Some background first- currently in taskcluster+gecko we rely on users to manually build / define / specify the docker image they wish to use. While this is very flexible it is also a pain to those who maintain the images and completely impossible to scale within a single namespace (If I vbump an image at the same time as someone else problems happen!). Additionally it is important to note that the docker-worker itself only is in a consistent state the _first_ time it sees an image of a given tag. For example if you specify foobar:latest the docker-worker will cache this and never check for updates. The proposal here is to define a hashing / building system which will fingerprint the contents of each image based on the contents of the individual folder + "branch" + "remote". (Note: In quotes because this system must work in both hg/git world) The way this will work is the decision task as it creates the graph will attempt to identify the correct image to use based on the fingerprint if the fingerprint is present (in the index or docker registry is left to be defined) that specific version of the image will be used. In the case where we cannot identify an image based on it's fingerprint we will schedule (as a parent node of any images which require it) a task which will construct this docker image. Some additional implementation related notes: - It is very important (to me) to index by both the contents _and_ by the repository + revision. This is an added level of security if somehow the machines which create these images are compromised. - The machines which build these images must be separated based on security requirements (your "create docker image" worker type that runs on gaia/try is not the same that runs on b2g-inbound or release) - The docker image format has changed significantly (with backwards compatible support) and supports direct pulls from s3 and pushes to s3 with special tooling. We should use this but be aware of the fact that this can race _wildly_ in theory if we have missing docker images with the same fingerprint/namespace. - This also serves as a form of tests if this process fails in automation we know the images are broken locally. - This is a stepping stone to tying the entire state of our infra to particular commits.
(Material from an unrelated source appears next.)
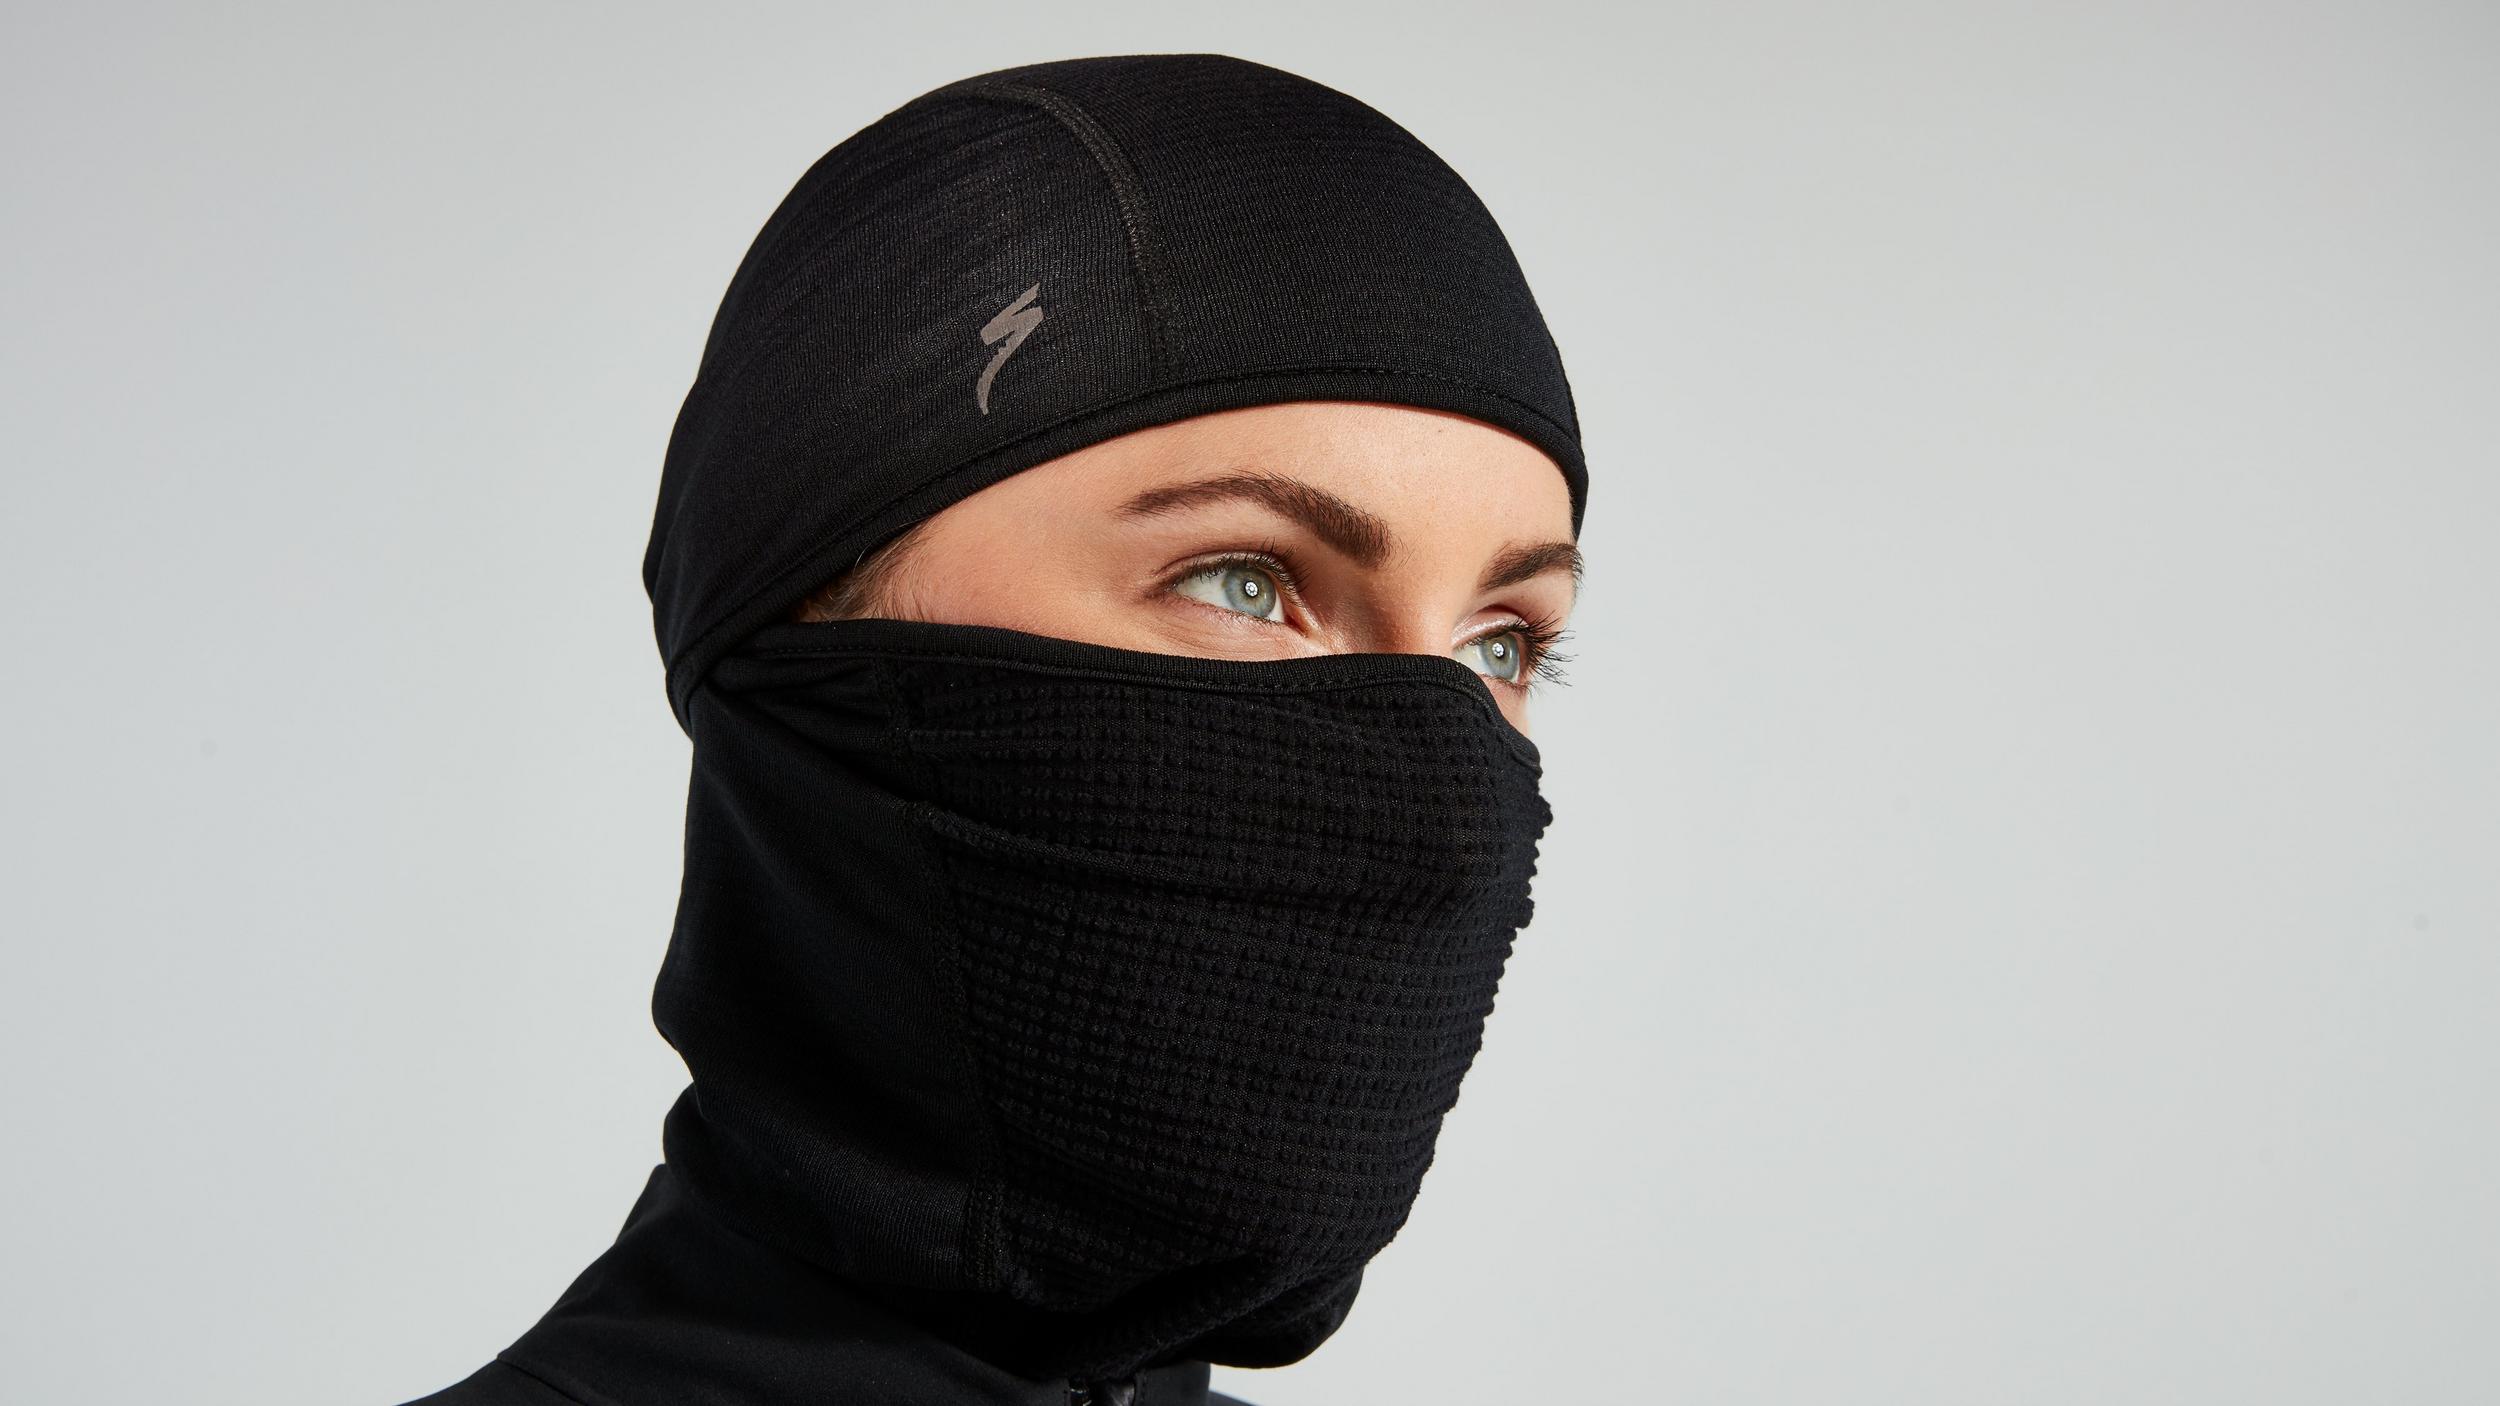 Specialized Prime Series Thermal Balaclava - Parkside Bikes

There are lots of reasons why we should do this but in particular I want to address the concerns of early users who had to build / rebuild / fuss with docker images. Aside from better security / etc... My aim here is to make it very easy for people to play with the docker images on try to get the desired state. If you have any other pain points around updating your images (or suggestions to how we fingerprint/etc...) please let me know.
Flags: needinfo?(wcosta)
Flags: needinfo?(garndt)
Flags: needinfo?(dustin)
Ah additionally I want to note that the work to actually build/publish these docker images would itself be a worker-type (and a new worker) this piece is likely more generic and a blocker to this.
Flags: needinfo?(dustin)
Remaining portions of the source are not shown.